Directions: Lines from the one containing "To participate, visit: pledge.mygov.in/panch-pran/" through the end of the listing are what is wanted, given again exactly with both ends included and pictures left out.

Supplied material:

----

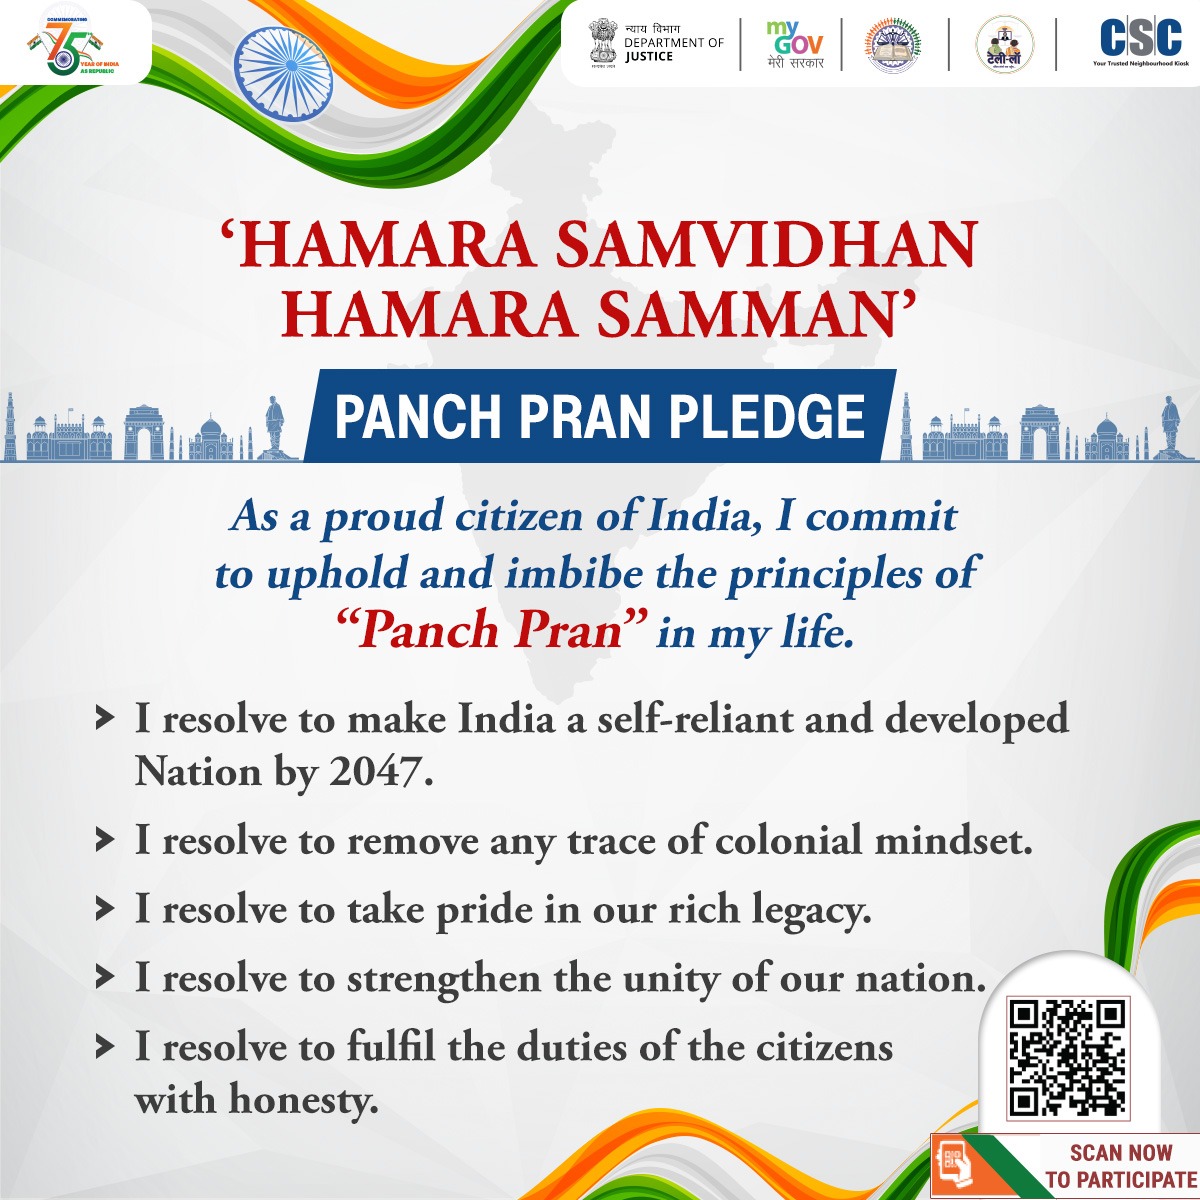 Let's participate in the #PanchPranPledge & commit to upholding and imbibing the principles in our lives for the nation.

To participate, visit: pledge.mygov.in/panch-pran/

#AmritKaal #PanchPran #NewIndia #DigitalIndia #HamaraSamvidhanHamaraSamman #HamaraSankalpViksitBharat #MyGov
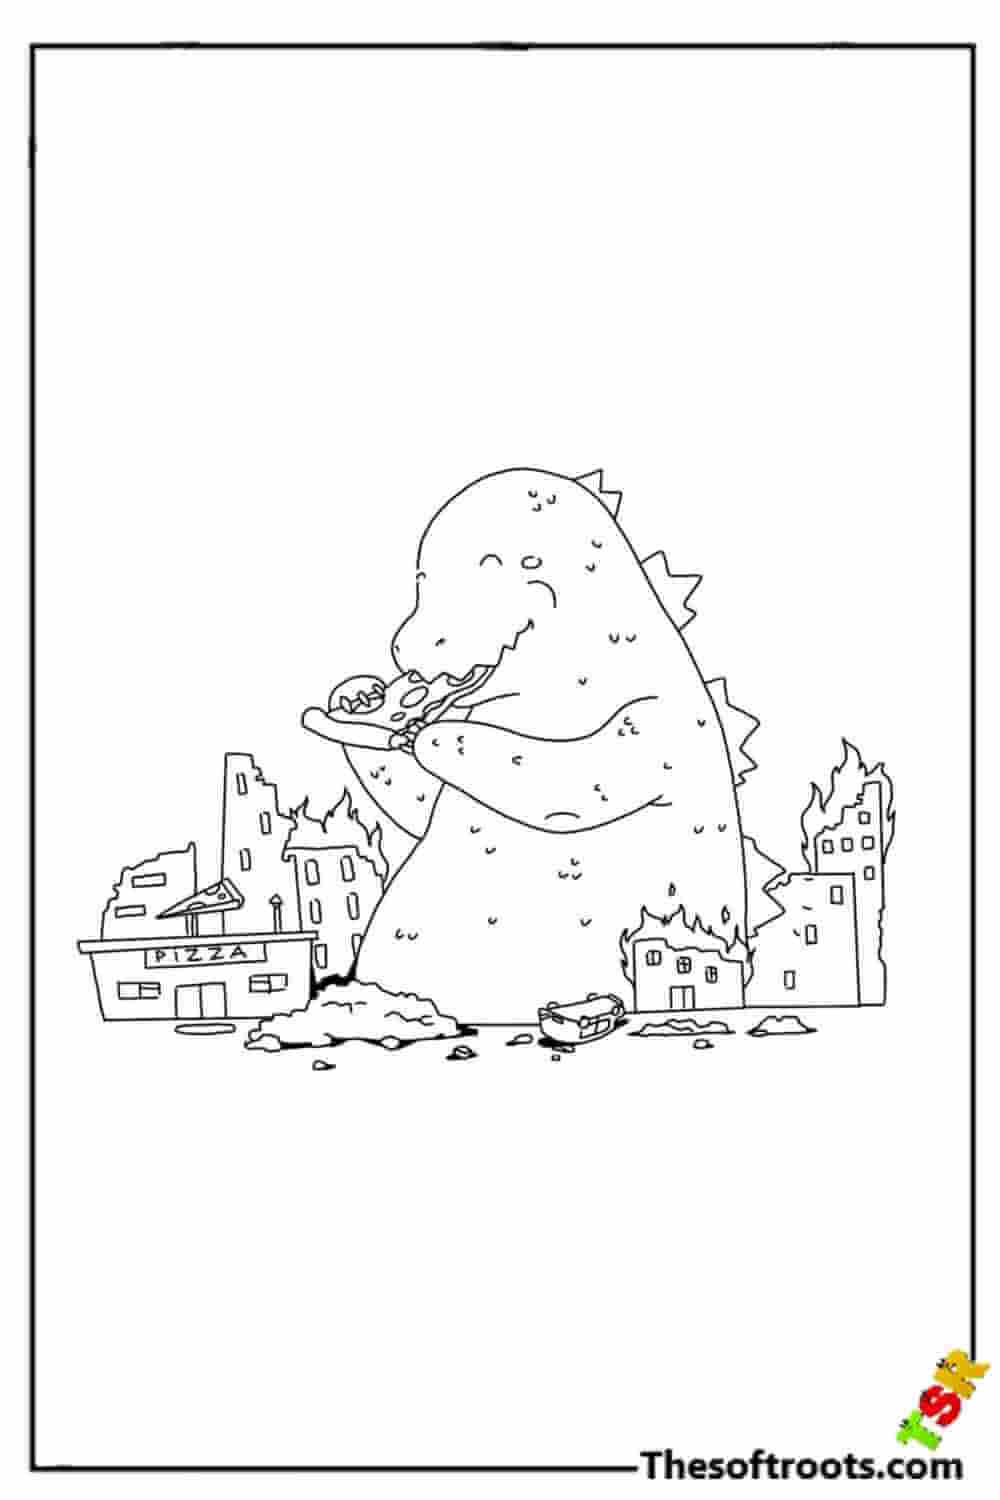 Fat Godzilla coloring pages

----

Answer box:
To participate, visit: pledge.mygov.in/panch-pran/

#AmritKaal #PanchPran #NewIndia #DigitalIndia #HamaraSamvidhanHamaraSamman #HamaraSankalpViksitBharat #MyGov
 Fat Godzilla coloring pages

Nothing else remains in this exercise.